Introduction:
Skin temperature fluctuates dynamically and reflects complex thermoregulatory mechanisms, including the balance between heat loss and heat gain mechanisms through autonomic control of peripheral blood flow and metabolic factors. While analytical methods have been established to assess skin temperature variability (STV), the potential applications of STV analysis remain an emerging and primarily exploratory field. This systematic review aims to synthesize current evidence on the prognostic role of STV metrics, including short-term fluctuations, circadian patterns, and entropy in predicting clinical outcomes such as mortality. It also seeks to characterise the technical heterogeneity in measurement sites and analytical approaches, and to identify future research directions.

Methods:
Following PRISMA guidelines, a systematic search was conducted across Ovid MEDLINE, EMBASE, and AMED from inception to July 2025. Studies were eligible if they included human participants in any clinical setting and linked dynamic STV measurements to prognostic outcomes. The quality of the included studies was assessed using the QualSyst tool. As this study is a systematic review of previously published data and did not involve new data collection from human participants or animals, no ethical approval was required.

Results:
Of 123 papers screened, a total of 8 studies met the inclusion criteria. Preliminary evidence suggests an association between altered STV and patient prognosis, although the findings are limited by methodological heterogeneity: 

1.     Population-Level Findings: Large-scale data from the UK Biobank (n=91,462) identified that blunted circadian temperature amplitudes are independent predictors of long-term incident diseases, including Non-alcoholic Fatty Liver Disease (HR: 1.91) and Type 2 Diabetes (HR: 1.69). 

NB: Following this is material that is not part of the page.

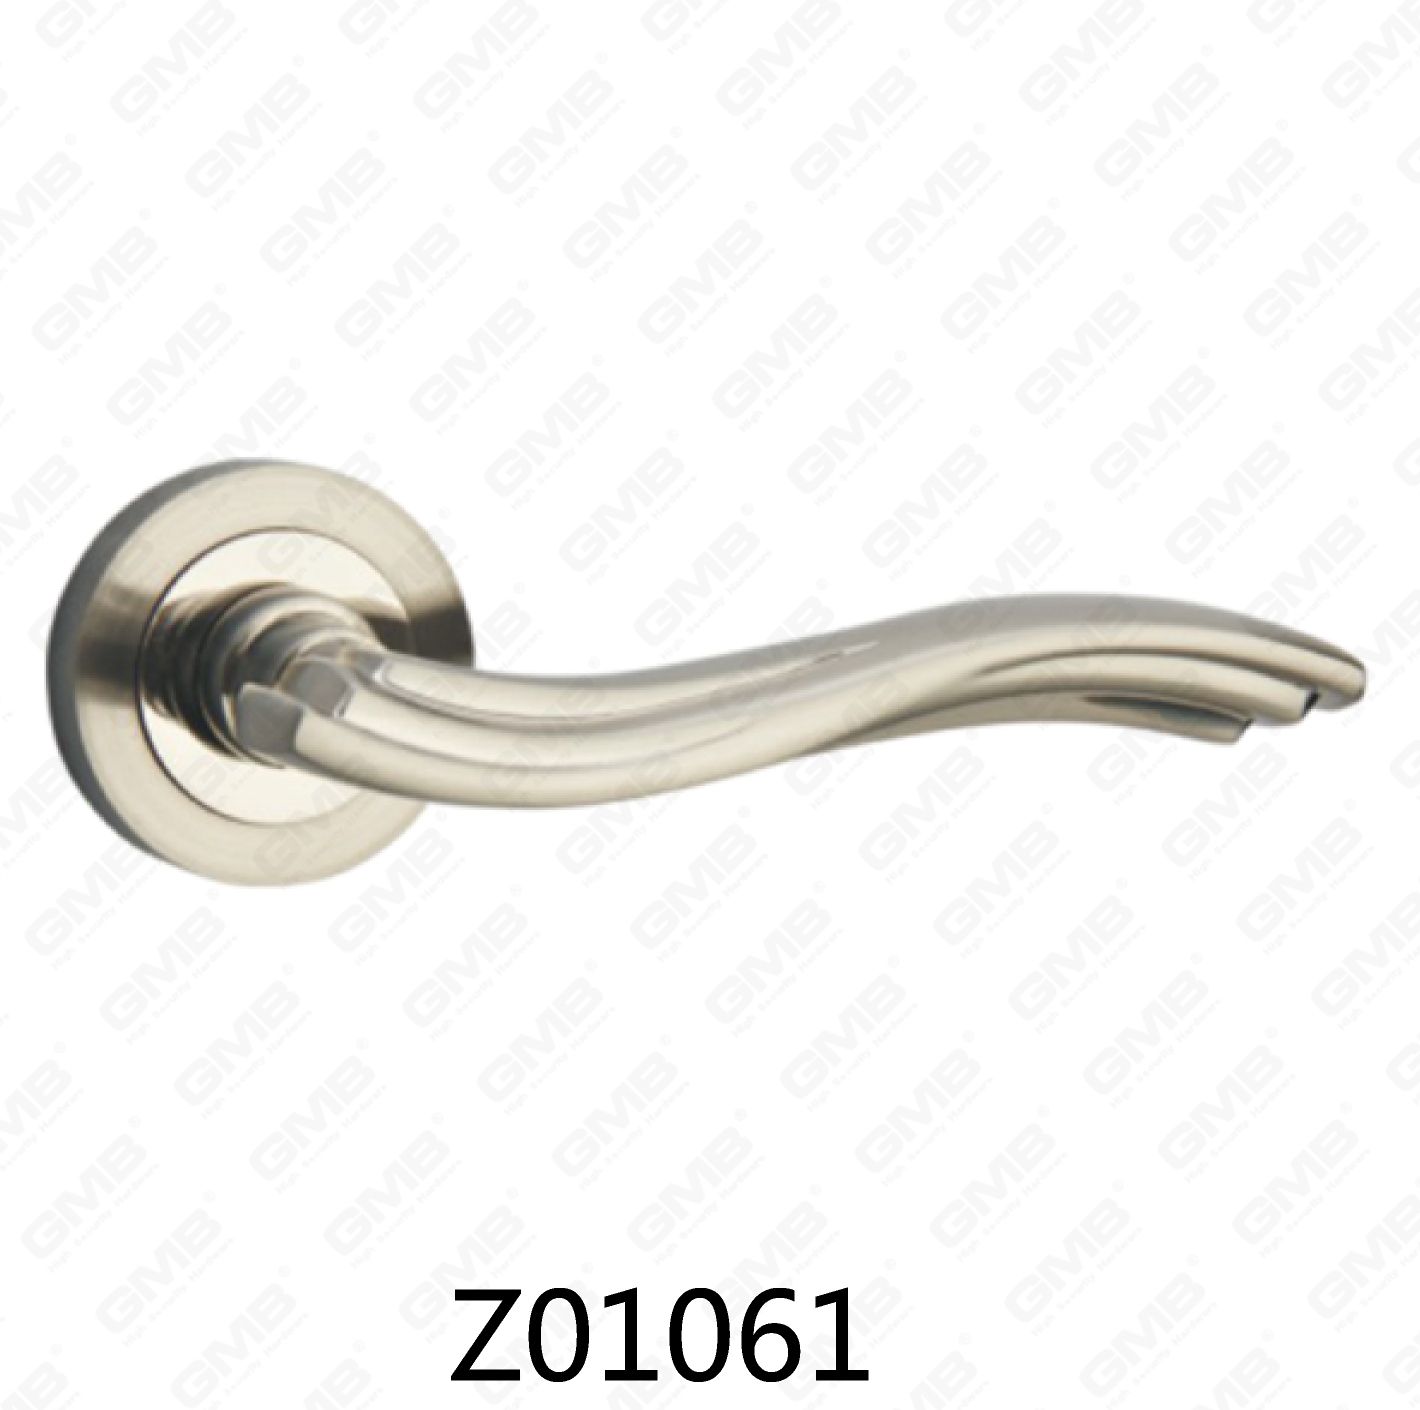 ידית דלת רוזטה מסגסוגת אבץ של Zamak עם רוזטה עגולה (Z01061)

2.     Clinical Cohort Findings: Seven smaller observational cohorts (n=21 to 66) demonstrated that reduced signal complexity (entropy), loss of short-term variability, and increased thermal instability were associated with higher mortality risks (OR: 1.41) and lower event-free survival across acute and chronic conditions, including sepsis, cirrhosis, and ischaemic heart disease.

3.     Methodological Heterogeneity: Significant variability was observed across studies regarding measurement sites (e.g., axilla, wrist, hypochondrium), sampling frequencies (ranging from every 10 seconds to three times daily), and analytical approaches, including amplitude, entropy, and short- and long-term variability.

A process-based logic model was developed to map the conceptual relationships between patient populations, measurement sites, STV metrics, and clinical outcomes (Figure 1).

Conclusion:
STV analysis shows promise as a non-invasive tool for identifying physiological vulnerability across a wide spectrum of clinical conditions. However, the current evidence is predominantly exploratory and constrained by small sample sizes and high methodological heterogeneity. Future research should focus on large-scale validation studies and standardizing STV metrics to facilitate their integration into wearable technology and real-time clinical monitoring systems.